Self-Compassion: Why I Stopped Trying to Fix Myself

compassion

Over the past few years I’ve been struggling with anxiety and emotional dysregulation issues coupled with periods of depression. I’m a “fixer” so like I do with all things in life I’ve been on a mission to “fix” myself. First I tried therapy. It’s helping. But it hasn’t fixed me. So I’m still searching.

Two months ago I went to a psychiatrist. I was skeptical about taking medication, but thought it couldn’t hurt to try. After about four weeks, the change was significant. I can honestly say I didn’t even realize how anxious and depressed I really was until I started to feel better. My entire life I’ve felt pissed off and on edge. Suddenly this feeling was gone and I was smiling for no reason! I began to see the good in life and the people around me.

Finally! I found the solution to all of my problems! So I thought.

Just as quickly as it had come, the happiness began to fade away leaving behind familiar feelings of irritability, shame and self-doubt. I was naive to think that I had found some wonder drug that was going to make me happy for the rest of my life. I honestly thought I was just lucky and had finally found something that worked really well for me. But it doesn’t seem to be going the way I had anticipated.

It’s difficult to come to the realization that there is no “fix” and these issues will always persist in one way or another. I’m beginning to understand that if I continue to fight and resist my mental illness, I’m going to foster a deeper sense of dissatisfaction for myself. In order to move forward and find peace, I have to stop trying to  “fix” myself and start accepting the parts of myself that I do not like.
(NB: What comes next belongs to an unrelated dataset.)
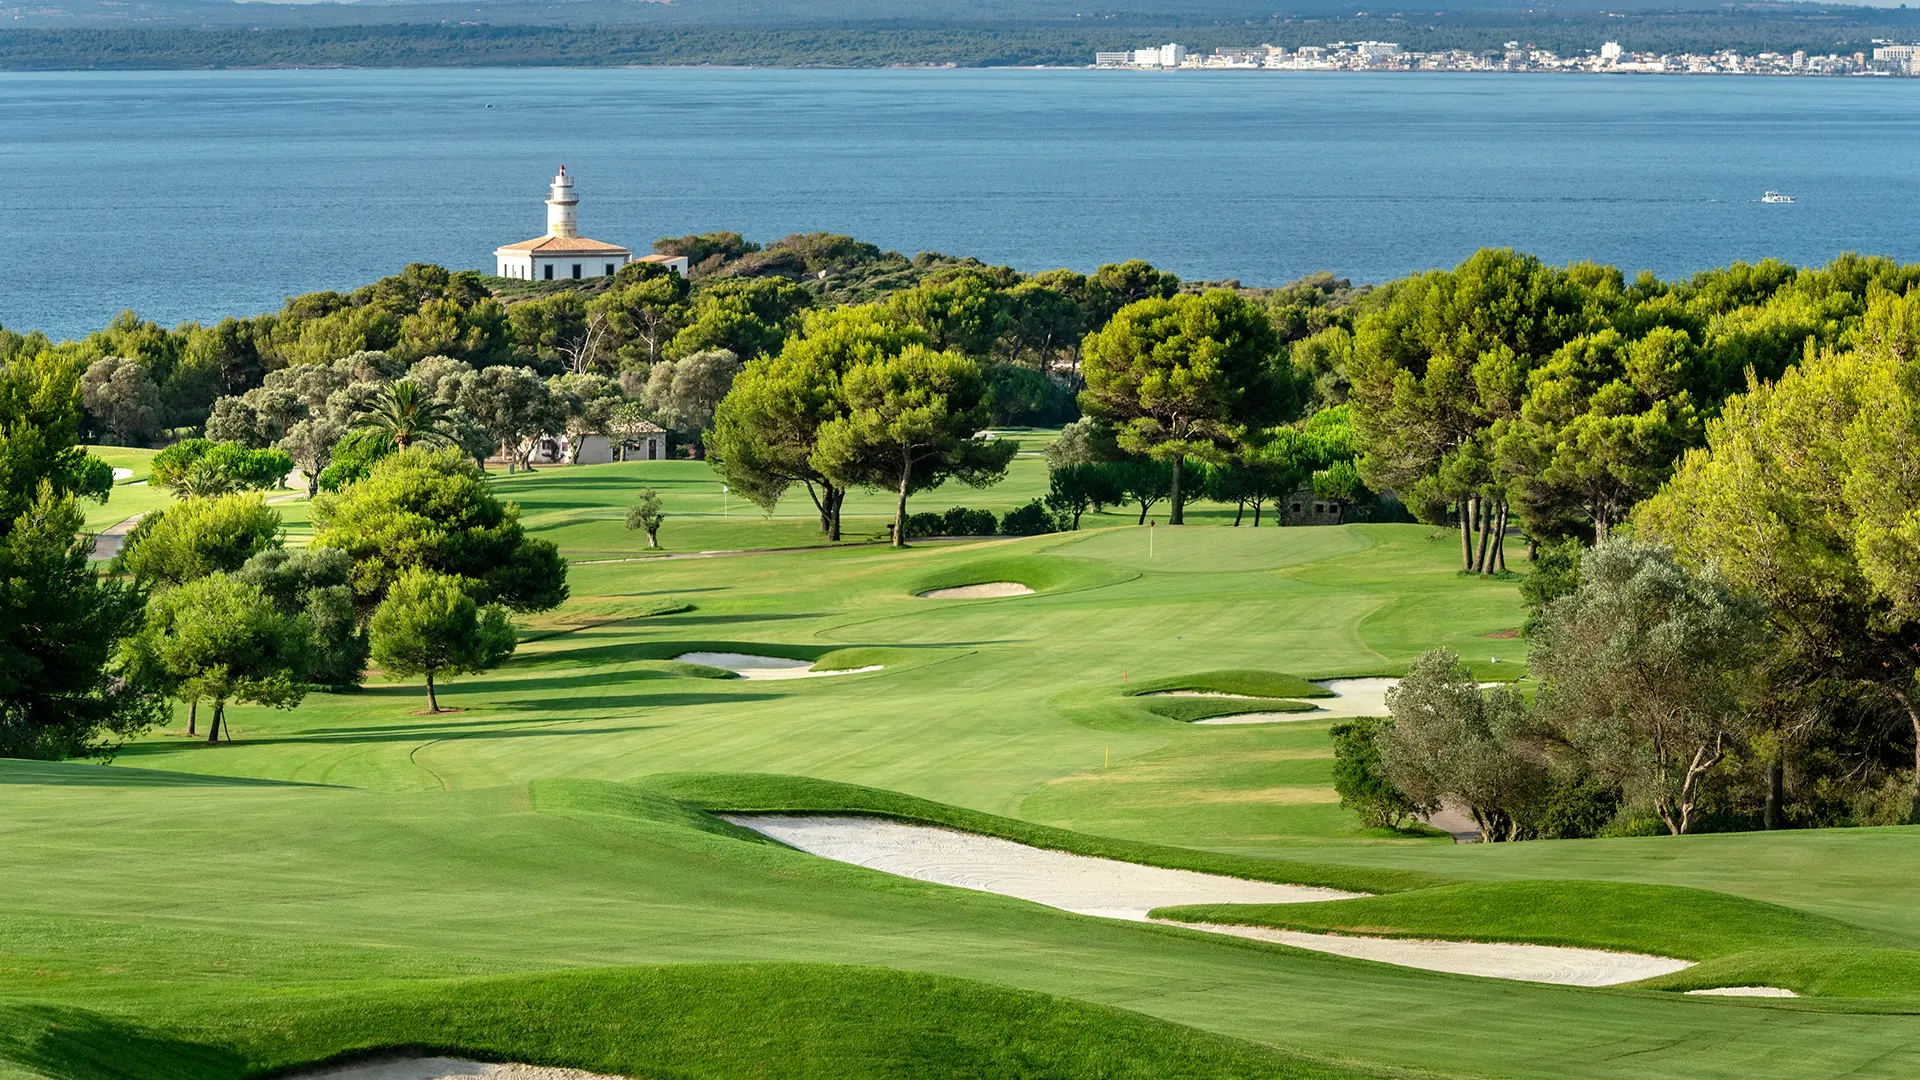 Spain golf holidays - Fuerte Marbella Spain - Photo 3

Depression and anxiety are a part of me. They have shaped my personality and perception of the world in many ways. Without them, I might not have the same appreciation for life, love and compassion. Learning why I do the things that I do is my greatest passion in life, and I know this wouldn’t be so if it wasn’t for the darkness inside me. I am more compassionate towards others because I understand what it means to struggle with something difficult. I have gained insight into how critical compassion is for humanity. It is only now that I am beginning to learn that compassion has to start with myself.

Starting today I’m going to show myself compassion the way I would a friend because I owe that to myself.  I am going to embrace my darkness, and see it for what it really is, an opportunity for personal transformation and unimaginable growth. Starting today I choose to love me, all of me.

If you are interested in learning more about self-compassion, I recommend the book Self-Compassion by Kristin Neff and The Gifts of Imperfection by Brene Brown.  Kristin Neff and Brene Brown are the world’s leading researchers on self-compassion, vulnerability and shame.

Namaste.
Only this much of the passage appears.